What was interesting is once you’re in the knowledge graph, if you don’t mess with the home, the knowledge graph keeps you. If you’re clear on your home, the knowledge panel doesn’t get mixed up. Because Google will tend to believe Wikipedia. So the knowledge panel will tend to echo Wikipedia. Once Wikipedia disappears if your home is the crutch that Google will then lean on. If your home is unclear, the knowledge panel will get mixed up with ambiguities. If your home is clear and Google has understood, and Google has confidence it has understood to start with, everything stays in place.

That’s a lesson, not so much in Wikipedia, but in: once Google has understood and is sure it has understood, it’s your homem, it’s the entity’s home, but it’s the single most important aspect of your entire knowledge panel and knowledge graph strategy. Don’t ever forget it.

And then the second story, and then you can tell your story, is the namesake Jason Barnard. There’s loads of them. There’s a guy who rides a unicycle in a circus. There’s a guy in prison in America. There’s a dentist, there’s a clergyman, there’s a footballer who’s actually quite famous, there’s a hockey player who’s getting quite famous. It’s slightly worrying. He keeps scoring goals and getting in the news, which is unfortunate for my brand SERP. Then there’s a guy who does a music podcast.

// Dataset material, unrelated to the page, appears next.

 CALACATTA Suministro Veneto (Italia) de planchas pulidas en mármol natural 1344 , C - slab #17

So we’ve got this kind of duplicate of being podcasters and we have different topics. His guests appeared in my knowledge panel. Google was getting them mixed up. So I kept having all these mad musicians in my knowledge panel. And the thing is, because I’m a musician to Google, you can understand, it’s logical. He’s a musician, it must be the same person. It’s taken me four months to convince Google that I’m not the same Jason Barnard and to get people like Rand Fishkin, Cindy Krum, Hamlet Batista, Bill Slawski and Andrea Volpini appeared this morning, were up from WordLift. Basically, now I’ve got digital marketers there. Google has understood and I’ve got rid of that ambiguity. It took me four months.

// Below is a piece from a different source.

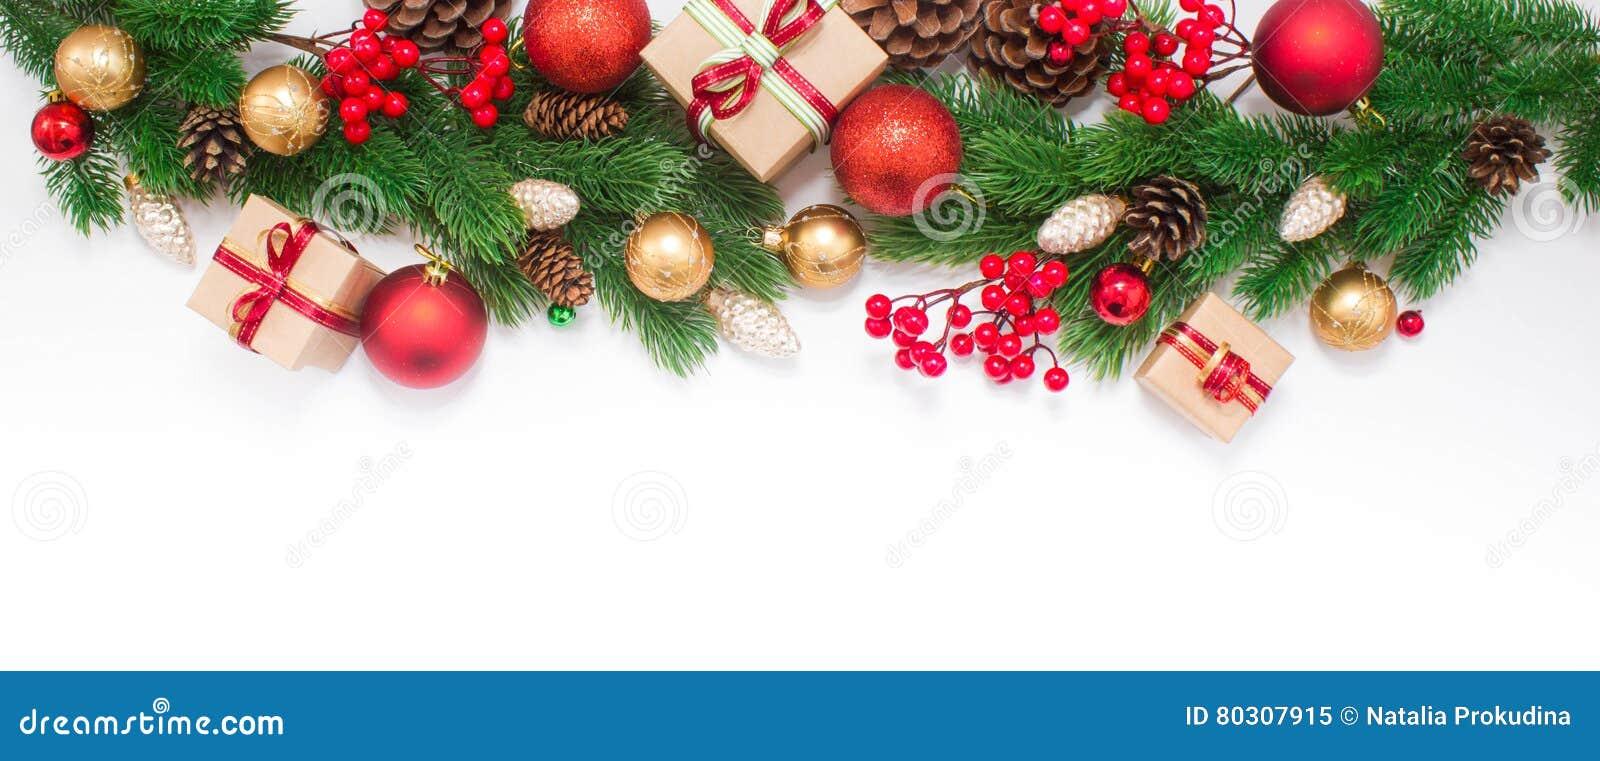 Χριστούγεννα ή νέα ανασκόπηση έτους

With knowledge panels it takes a long time to remove the ambiguity. So there you go. I’ve got lots of Jason Barnards around the world and that’s the point. If you search in South Africa where the footballer and the unicyclist live or function and get in the news, they will tend to appear on my commerce brand SERP.

You’ll see Jason Barnard, digital marketer blah, blah, blah and then towards the bottom, you’ll see them. And that’s the question of the probability that people in South Africa looking for those Jason Barnards is much higher than it is obviously in the UK. So it’s going to change quite a lot across different countries and for brands as well.

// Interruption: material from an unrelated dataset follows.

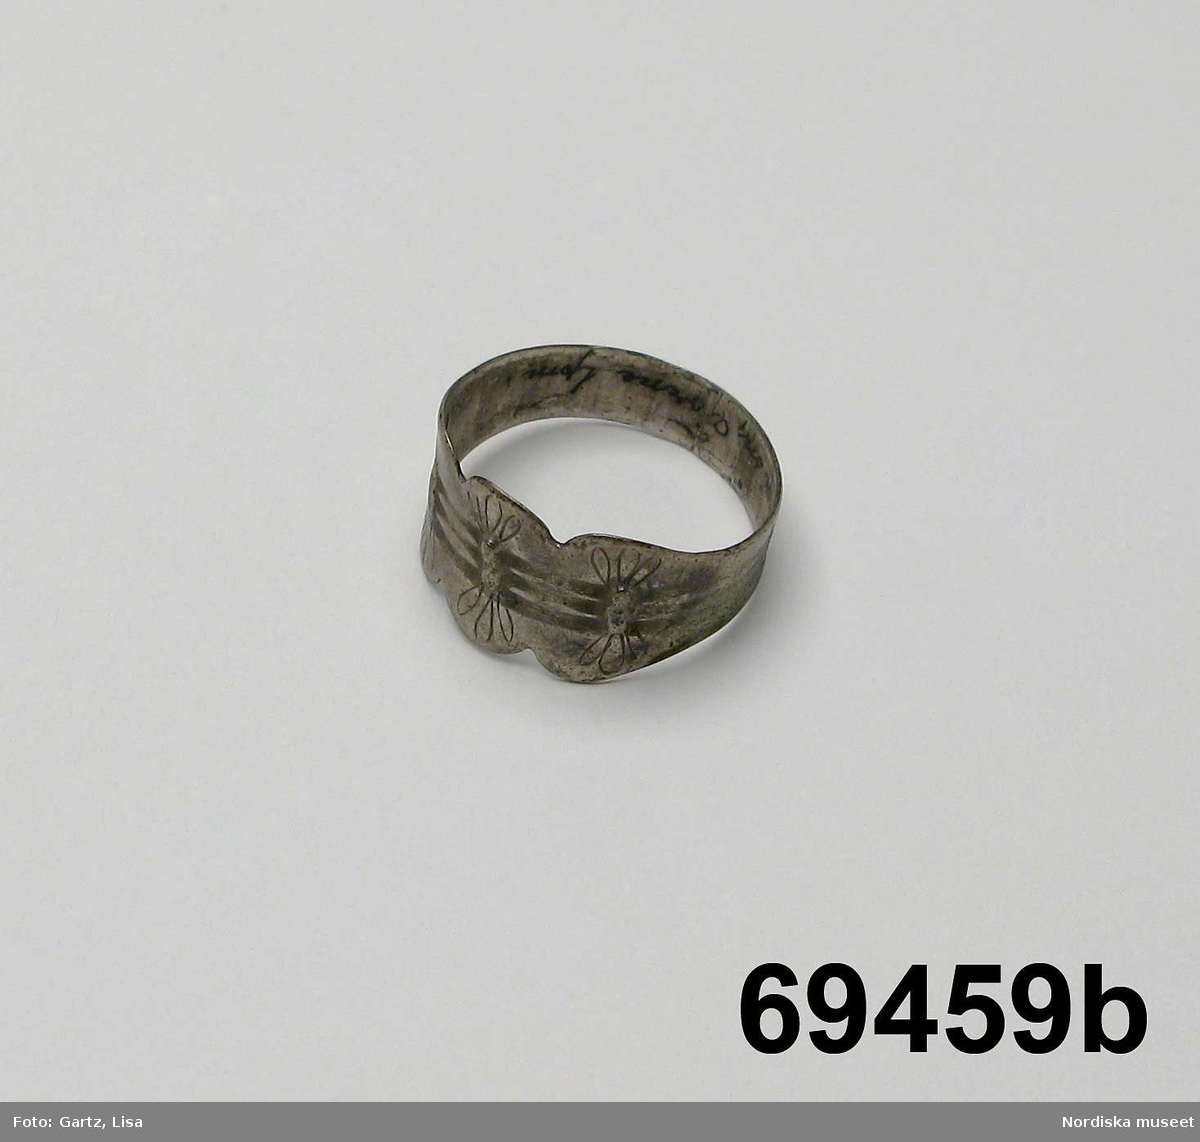 """Huvudliggaren: """"a-b  2 fingerringar fr. Jukkasjärvi sn, Torne lappmark. Af silfver. a. Stämpl: 'T 13 1/3 H H 79 [Båda H:na i skrivstil].' b. Stämpl: 'J O D. T5. h  o o [h:et i frakturstil och ovanför de två små ringarna vilar en tredje] Har tillhört en jukkasjärvilapp. G[åva] af handlande E. Wikman i Vittangi. Bil. Samzelius 162."""""""

For example, Yoast. I haven’t looked at your brand SERP, but in Australia, you would tend to have the Sydney Times news article about Yoast, whereas in New York you would have the New York Times article about Yoast. You’ve got to remember that these brands SERPs actually do vary enormously across the world.

That depends on a) in my case, probability that they’re looking for the other Jason Barnards and not me, and b) pertinent and value to the local audience. For the example about Yoast and the super article that you’ve got in the Sydney Times and the other one in the New York Times. There you go!

Joost: Yeah, it makes sense.That was really good, actually. I have a similar story. Now my namesakes are not as spread out across the world, because my last name and my first name are quite typically Dutch. But there’s an alderman of the city of Amsterdam who has the same name as I do, which has made it quite hard for a while for me to actually rank for my own name, because he was in the news all the time.

And there’s an architect as well, who carries almost the same name. My last name is De Valk and his last name is Valk without the ‘de’ but his first name is the same. So Google would get all of those mixed up all the time. One of the funny things that I’ve had trouble with over the years is getting myself as an entity disconnected from Yoast the brand as an entity.

So now when you search for Yoast the company, you’ll get a brand SERP that actually is the company because we have a Yoast Wikipedia page now. It uses a lot of that it seems. I do still have my own Wikipedia page luckily, so it does disambiguate between those two now. The funny thing is that it calls me, rather persistently, a software developer. Which is something that I need to talk to you about off the show, because I am a software developer, but I’m also an entrepreneur. I think in many ways more an entrepreneur than I am a software, but it doesn’t really seem to want to give me that name.

Jason: That is fun. It takes time and it takes belief in the sense that you have to believe that you’re doing the right thing. Because it’s a question of placing the information in the right places and then using your home to support or to point out signposts.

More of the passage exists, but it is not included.